By 'independent', I mean not associated with any HSP or other DirecTV direct contractor; the number of jobs they screw up can be looked at as 'low hanging fruit', if you know what you're doing.

If you have a background in C-Band, other DBS, or even decent level 'cable' work, along with maybe some commercial background in satellite or microwave installation or repair, you can probably hustle quite a bit of work again, from those jobs that the HSP's and the like drop the ball on. All the MDU folks I consult with do tons of work like that. Of course, we're a big city, and Arkansas doesn't quite qualify in that league.

But I've done a TON of work all over the 'mid-states' region (Arkansas, Tennessee, etc.), and there may be lots of work for the independent guy out the rural way. The HSP's may be even more... whacked up than they are in the 'bigs'!

Word of mouth is of course, a big part of it. Do good work, even if your prices are above the HSP's, and folks will beat a path to your door. Get on a good basis with the small electronics stores in your area, and they'll be able to feed business your way.
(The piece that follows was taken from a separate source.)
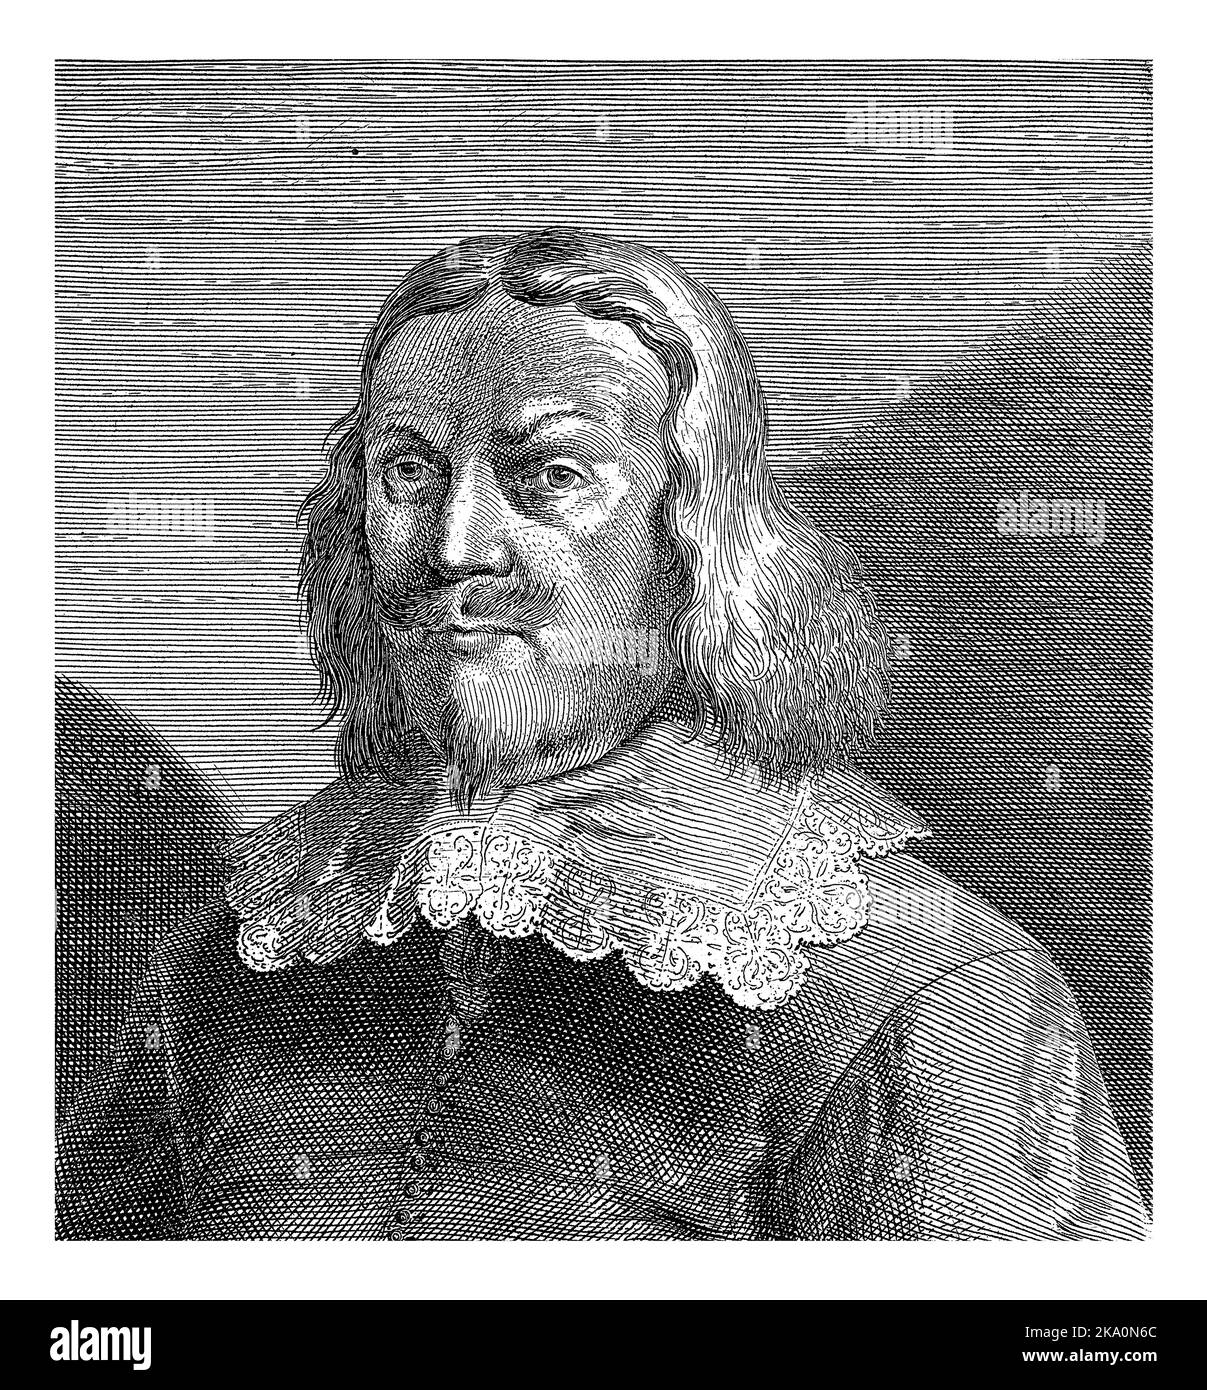 Porträt des schwedischen Diplomaten Johan Adler Salvius. Büste nach rechts. Am unteren Rand des Randes befindet sich ein sechszeiliger Text in lateinischer Sprache. Stockfoto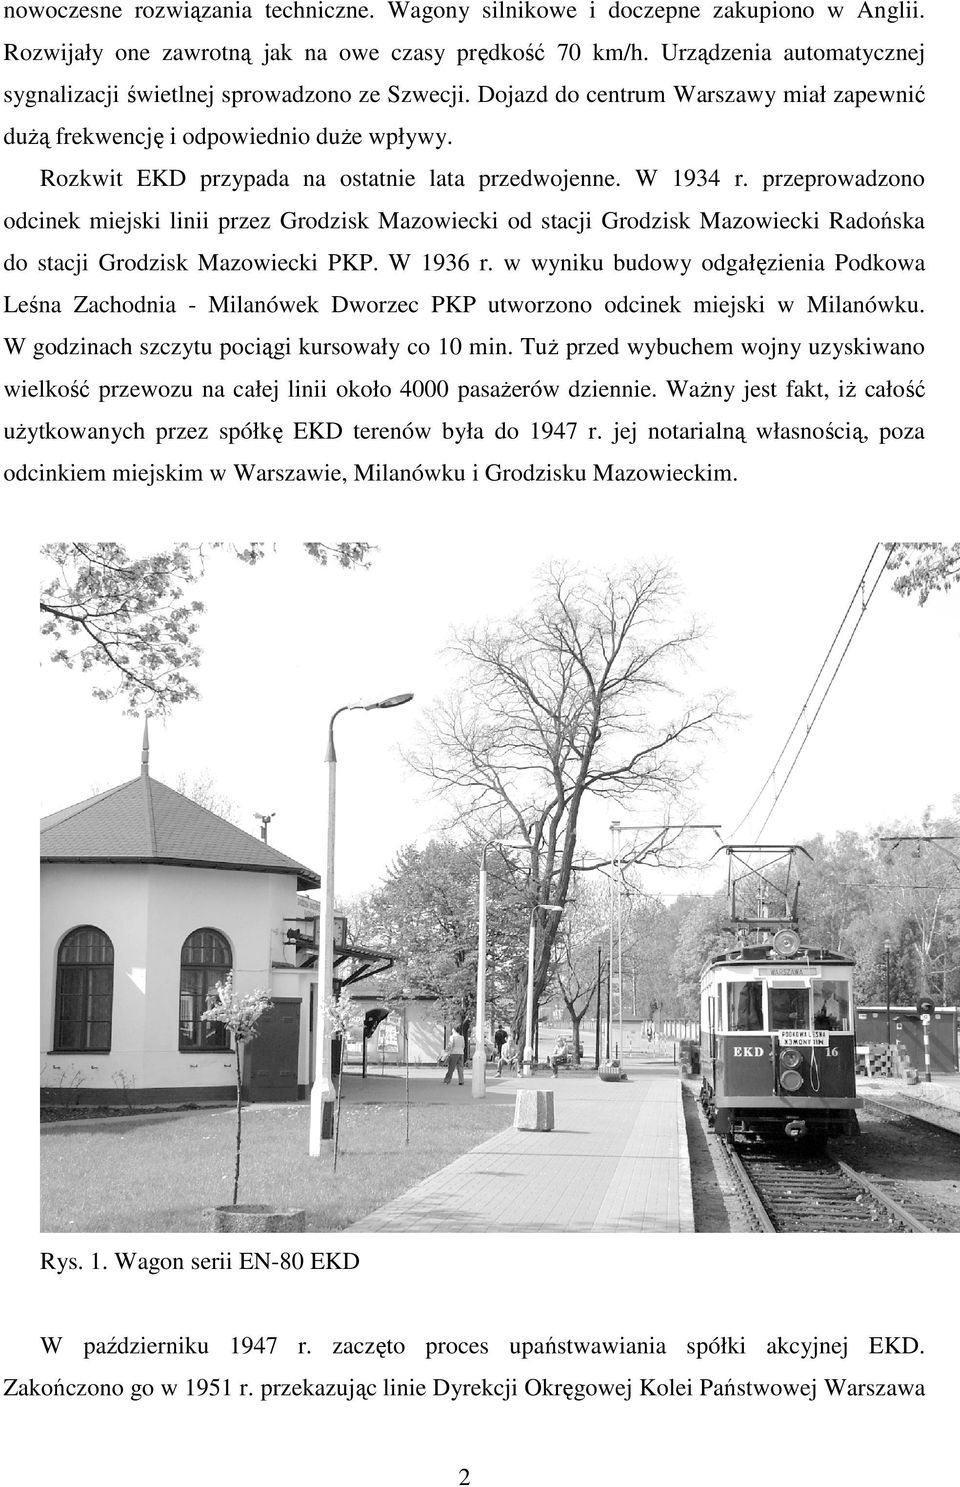 Rozkwit EKD przypada na ostatnie lata przedwojenne. W 1934 r. przeprowadzono odcinek miejski linii przez Grodzisk Mazowiecki od stacji Grodzisk Mazowiecki Radońska do stacji Grodzisk Mazowiecki PKP.

Get your ducks (state licensing and tax stuff) in order, and go to it. You can start out 'on the side', and work up from there.


----------



## joeeldr (Oct 31, 2006)

1948GG said:


> After reading the hoops you have to jump through, and the 'tales of woe' as to those who are actually 'gainfully' employed by the HSP's, you may find the best route to go may be as a complete independent, or working for one.
> 
> By 'independent', I mean not associated with any HSP or other DirecTV direct contractor; the number of jobs they screw up can be looked at as 'low hanging fruit', if you know what you're doing.
> 
> ...


Thanks for the tips, everything you can tell me about being independent would be very useful to me.:goodjob:


----------



## Mertzen (Dec 8, 2006)

IIP said:


> You can make money as a DirecTV retailer, BUT even that can be difficult. Many customers won't pass a credit check and will have to pay a $200 activation fee (most customers won't/can't pay this), and the retailer risks losing (being charged back for) his sales commission if the customer cancels within the first year.


That down payment applies also with a direct order not sure what it was brought up. You're right about the charge back. The D* systems is ass backwards.
We can qualify a customer, install and activate but then their system looks for old accounts. If one is found we get the charge back. not sure why that can be done before the order. And if it is a regular cancel withing 12 months we get charged back AND the cust has to pay the ETF. Double bonus for D*.



IIP said:


> DirecTV encourages retailers to send their installs to the HSP program in any event.


Really? Maybe BB or CC but not regular retail stores.


----------